なおTebma-Kanduプログラムの登録協同組合との連携はより緊密となり良好です。将来の可能性や協同組合の在り方について議論を行っており、このプログラムへ参加を希望する女性グループも増加しています。
Next Step
2025年度は、Tebma-Kanduプログラムに参加する協同組合の数を100まで拡大し、以下の2025年度目標に取り組んでいきます。
- 6,000本/年の植樹
- 地域レベルまでのトレーサビリティ:2025 年度末までに70%
- Tebma-Kanduプログラムとその原則に従って活動するパートナーからのシアカーネル調達比率:30%
またワシントンに本部を置くIFPRI(国際食料政策研究所)は、Tebma-Kanduプログラムの活動に注目しており、Tebma Kanduの協同組合に、効率改善と付加価値向上のためのイノベーションとしてのツールや物流手段を提供し、さまざまな福祉改善効果を生み出すことを期待して、一定期間プログラムに関与することを決定しています。

Tebma-Kandu女性協同組合との話し合いの様子
具体的な取り組み
外部団体との協業
フジ オイル ガーナは、2013年からGlobal Shea Alliance(GSA)、2015年からShea Network Ghanaに参画しています。主な活動内容は以下のとおりです。

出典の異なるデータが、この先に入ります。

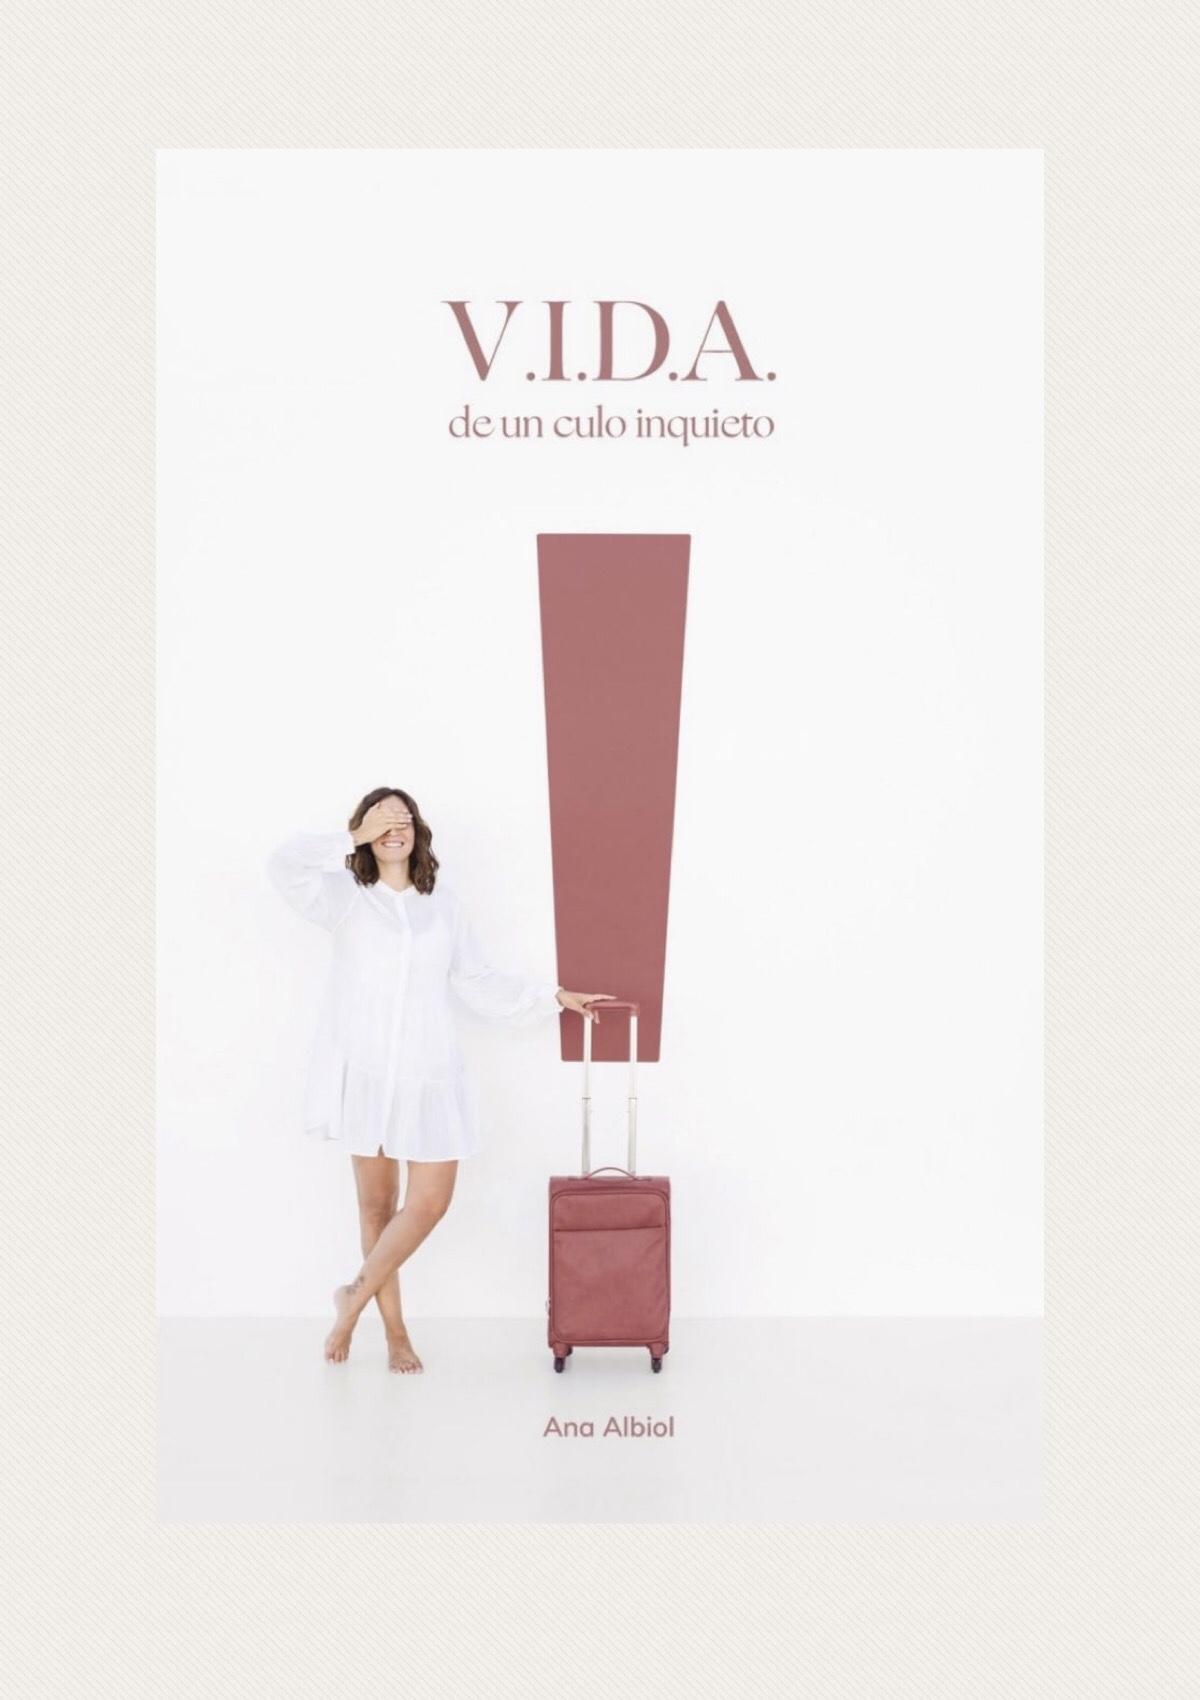 V.I.D.A. DE UN CULO INQUIETO, de Ana Albiol.

- シアカーネルを保管し、そのほかの収入を創出するための倉庫の提供
- 女性のためのビジネス研修
- シア製品の国際展開
- 労働安全衛生イニシアチブ
- 緑地保全管理の研修
- 植林資材の研究開発
- 緑地保全に関する試験的なプロジェクト
フジ ヨーロッパ アフリカは、オランダ政府の資金提供によるコンソーシアム「シアサプライチェーンにおける児童労働デューデリジェンス・プロジェクト」に参画しています。このプロジェクトの目的は、シアカーネルのサプライチェーンにおける児童労働リスクを低減することであり、他の業界関係者と協働しています。
シアの木の生息域内の緑地保全(対象地域:ガーナ)
ガーナ北部では、土地開墾のために、シアの木が深刻なペースで伐採されています。また、木炭利用のための伐採も増加傾向にあります。
2024年度は地元企業であるEco Restoreと連携し、シアや郷土樹木の苗木を7,018本植えました。
苗木の生存率を向上させるには、管理をする女性たちに適切な栽培技術を教えることが重要です。2025年度には植林を6,000本とし、植林だけでなく、研修も実施する予定です。なおこれまでの苗木の生存率は非常に高いことを確認しています。

苗木の世話の研修の様子
エネルギー転換による環境負荷低減(対象地域:ガーナ)
フジ オイル ガーナは、シアカーネルやシアバター加工時のCO2排出や廃棄物を削減するため、シアバター生産過程で排出される搾油後の油粕(ミール)等副産物の一部を燃料化するなど、生産に使用するエネルギーを鉱物油から非化石燃料へ転換しています。また、副産物の燃料利用は、薪の使用量削減による森林破壊の減少や節水、エネルギーコストの削減にもつながります。同社では工場で使用する非化石エネルギー比率100%を目標としています。